Although the effects of CsA on long bones have been carefully examined, the effect of this drug on alveolar bone has received limited attention with contraversial results. The data presented in this study indicate that CsA treatment in rats with periodontal disease (Group IV) leads to a decrease in both radiographic and histometric ABL, and an increase in NABF % compared to the rats with periodontal disease alone (Group III). In contrast with our findings, a distinct pattern of osteopenia, increased osteoclasia, and decreased bone formation around the mandibular incisal region of rats (Fu et al., 1999), decreased bone volume and increased marrow volume around the maxillary secondary molar region of rats have been found after CsA exposure (Shen et al., 2001). Also a tendency of more bone loss in the CsA-medicated animals has been observed as compared to non-medicated ones in an experimental study which has evaluated the effect of CsA on the progression of the periodontal breakdown (Nassar et al., 2004). However, it has been shown that ligature-induced periodontal bone loss is less pronounced in rats treated with CsA, compared to that of control non-medicated rats (Cox et al., 1987). In agreement with this previous study, our results indicated that CsA therapy diminished the alveolar bone loss in rats with periodontal disease.
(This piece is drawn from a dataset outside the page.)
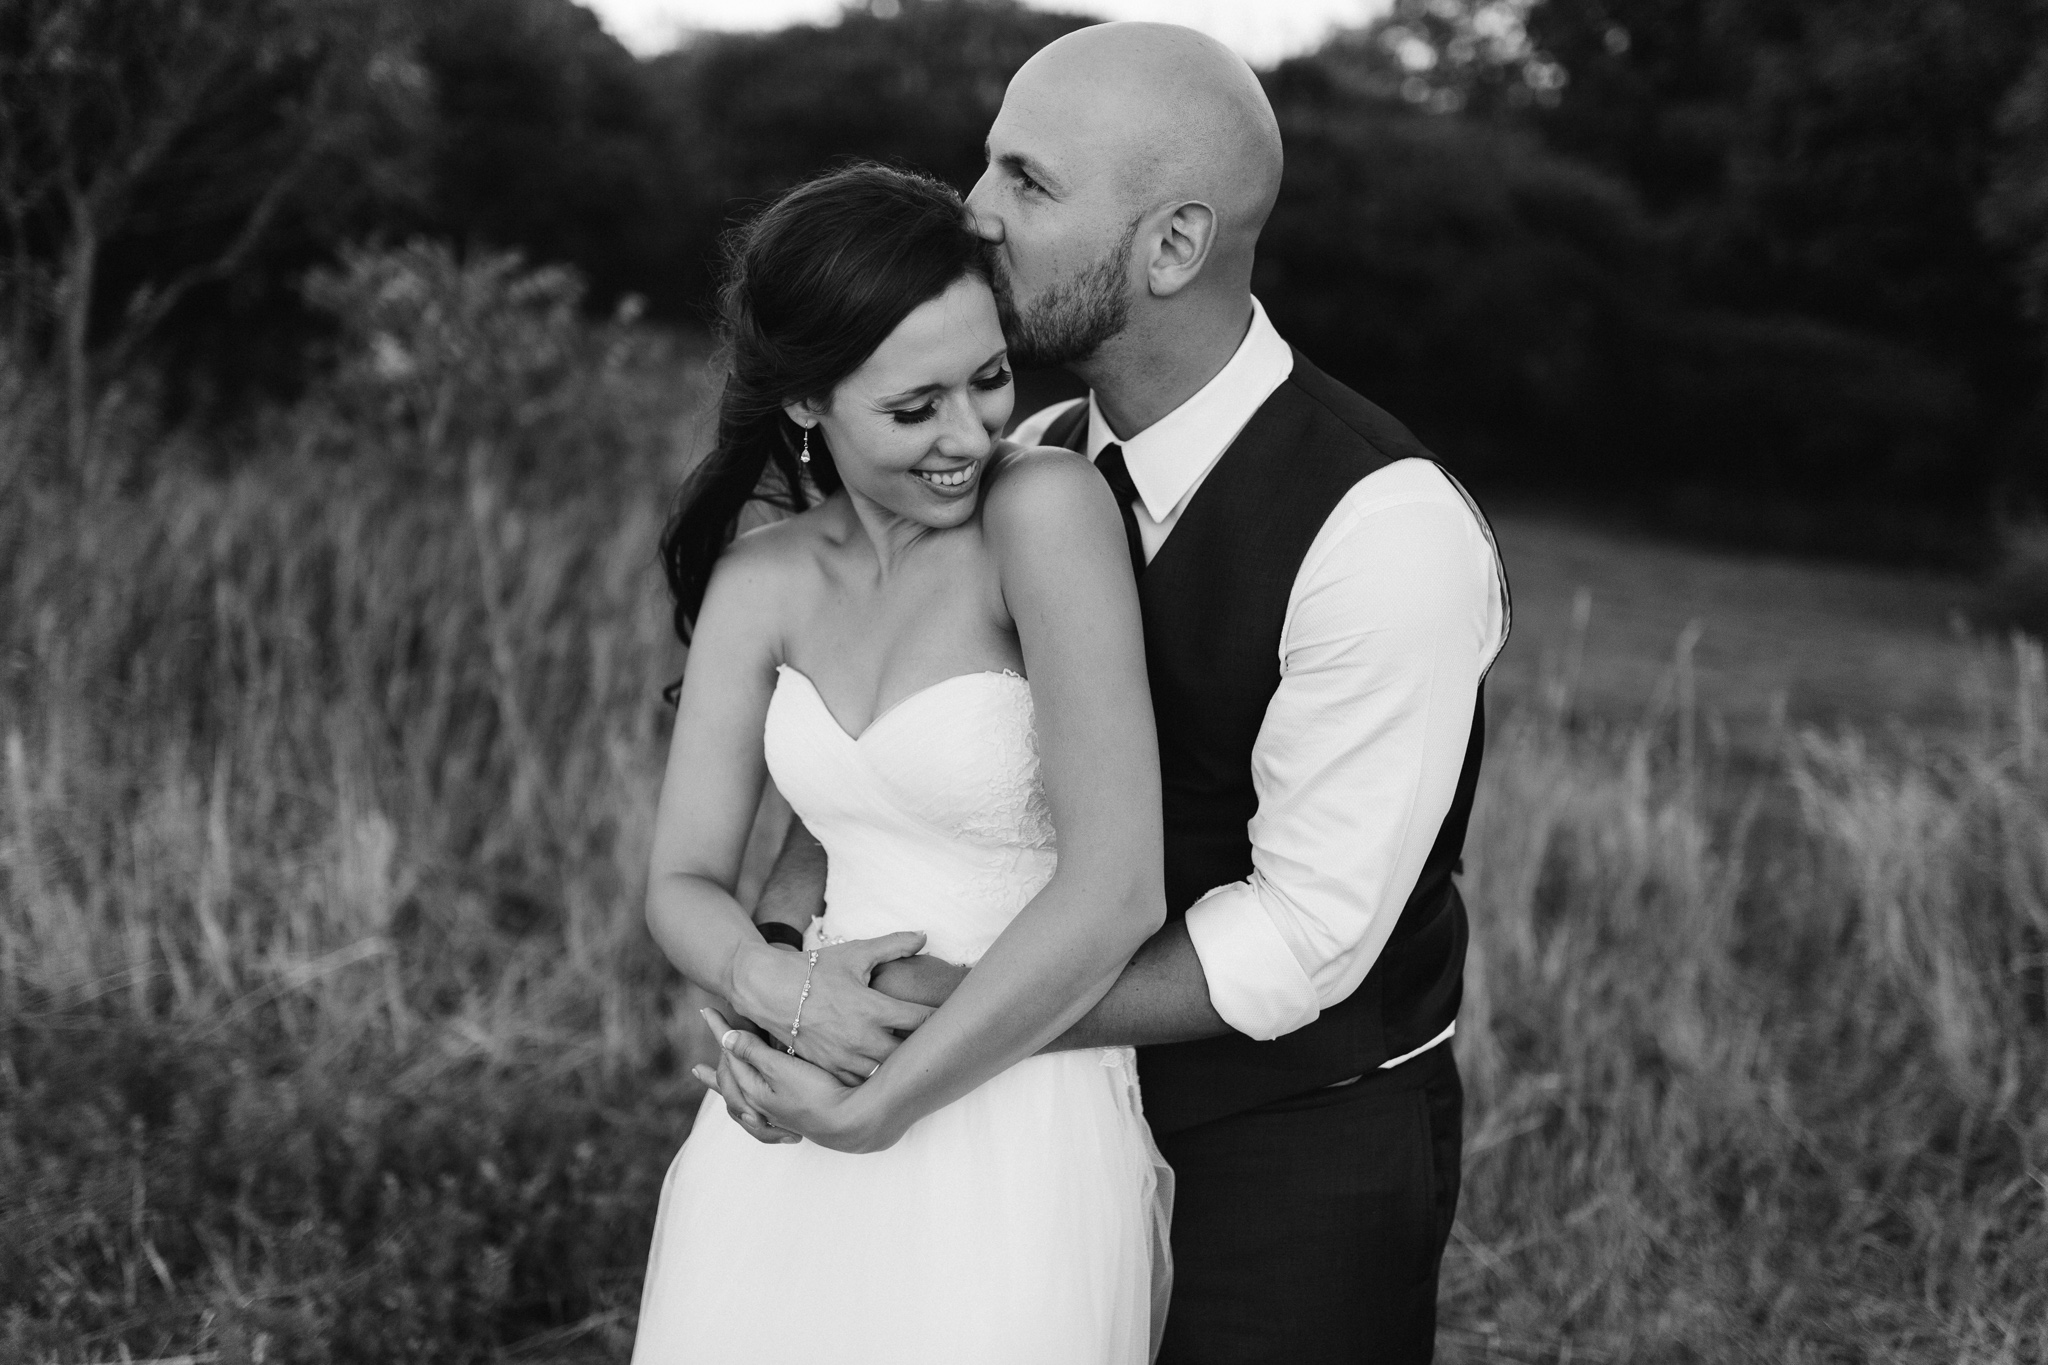 springer-house-burlington-wedding-photographer-610-of-756.jpg

It is well established that the association between the immune system and the pathogenesis of periodontal disease is apparent (Gemmell et al., 1997). For example, approximately 30% of lymphocytes in the sulcular areas in periodontal diease are reported to be T-cells (Okada et al., 1982), and therefore potential targets for CsA. It has been reported that alteration of T-cell mediated activity by CsA may cause a reduction in fibroblast cytotoxicity, a reduction in osteoclast activation with resultant reduction in alveolar bone resorption and in inflammatory infiltrates in humans who have been immunosupressed with convential drugs (Tollefsen et al., 1982; Daley and Wysocki, 1984). Based on these informations, we can suggest that CsA immunosupression might cause a decrease in periodontal breakdown.
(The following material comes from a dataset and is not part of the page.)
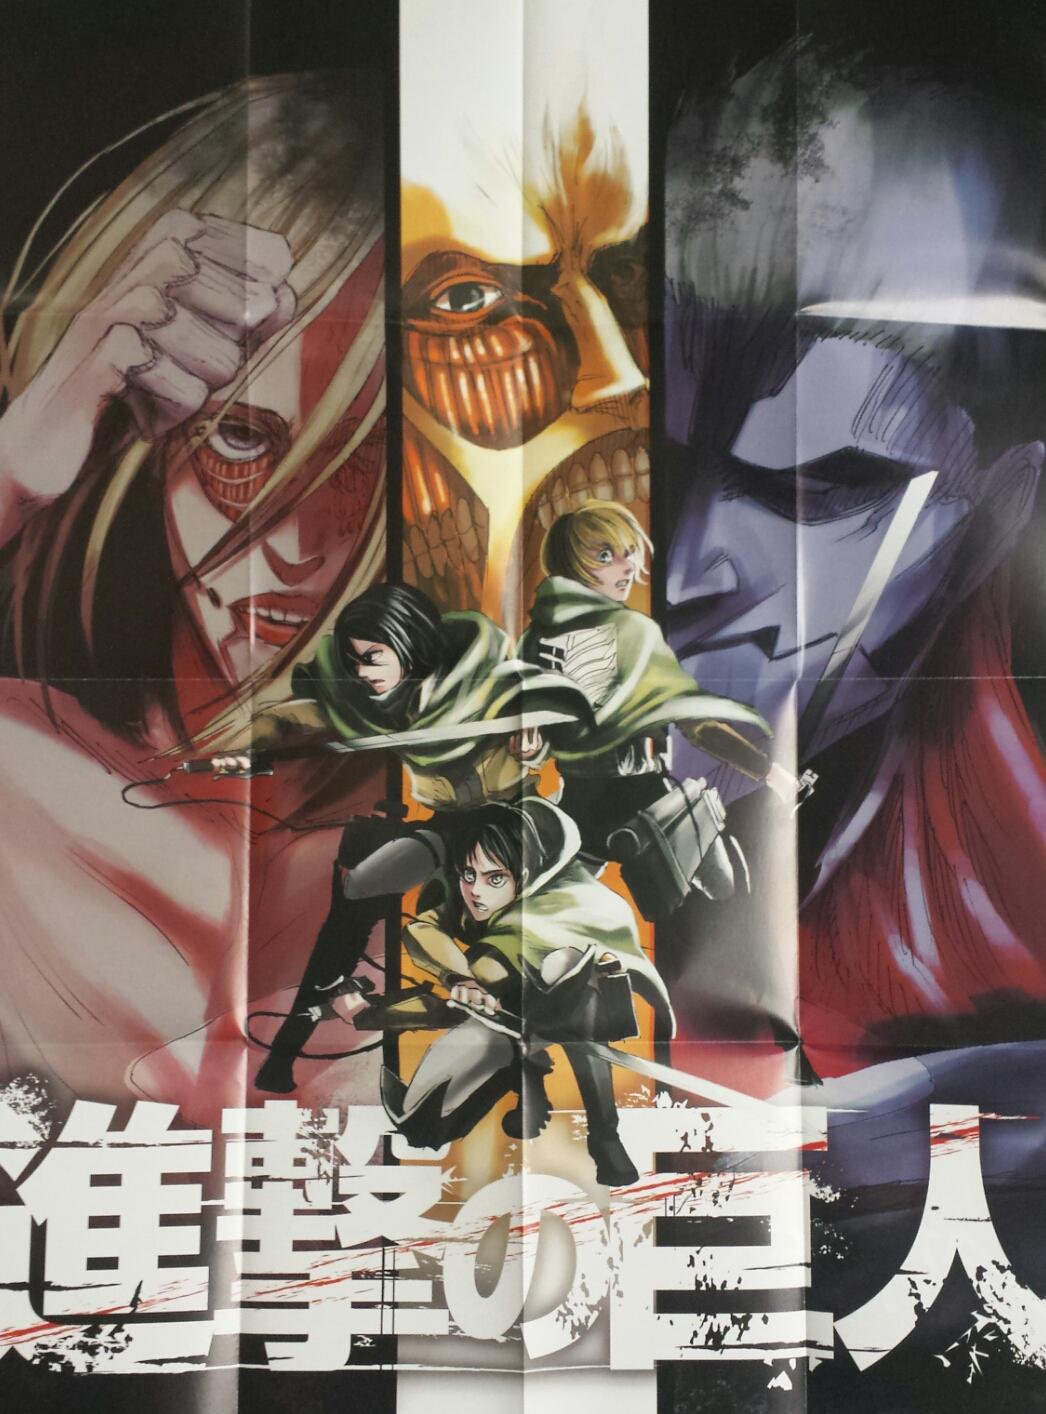 Awkward Dangos: Manga Update #4 - Oktober 2015

In the present study, the biochemical assessment of biomarkers of bone turnover correlated well with the radiographic and histometric measurements as a significant increase in serum alkaline phosphatase level, a marker of osteoblast phenotype (Wong et al., 1990), and a decrease in serum calcium level (although not significant) indicating bone formation was found in ligated and CsA-treated rats (Group IV) compared to only ligated rats (Group III). These biochemical findings could not be compared to any other data from previous studies as in only one study suggesting the diminished periodontal breakdown after CsA therapy, no biochemical assessment has been done (Cox et al., 1987). It has been reported that decreased serum calcium levels could be a non-spesific effect of CsA due to an increased excretion by kidney (Mason, 1990). However, based on the decreased ABL and increased NABF% in Group IV it is relevant to assume that decreased calcium level in this group might be more related to the diminished alveolar bone resorption compared to Group III.
Within the limits of this study, it can be concluded that CsA at immunosupressive levels has no effect on alveolar bone balance of the healthy periodontium. However, in the presence of periodontal disease, CsA treatment may bring out an imbalance in the alveolar bone homeostasis by decreasing resorption and stimulating formation of alveolar bone in rats. Nevertheless, detailed studies are still needed to clarify the possible cellular and molecular mechanisms involved in the effect of immunosupressive drugs on the periodontium.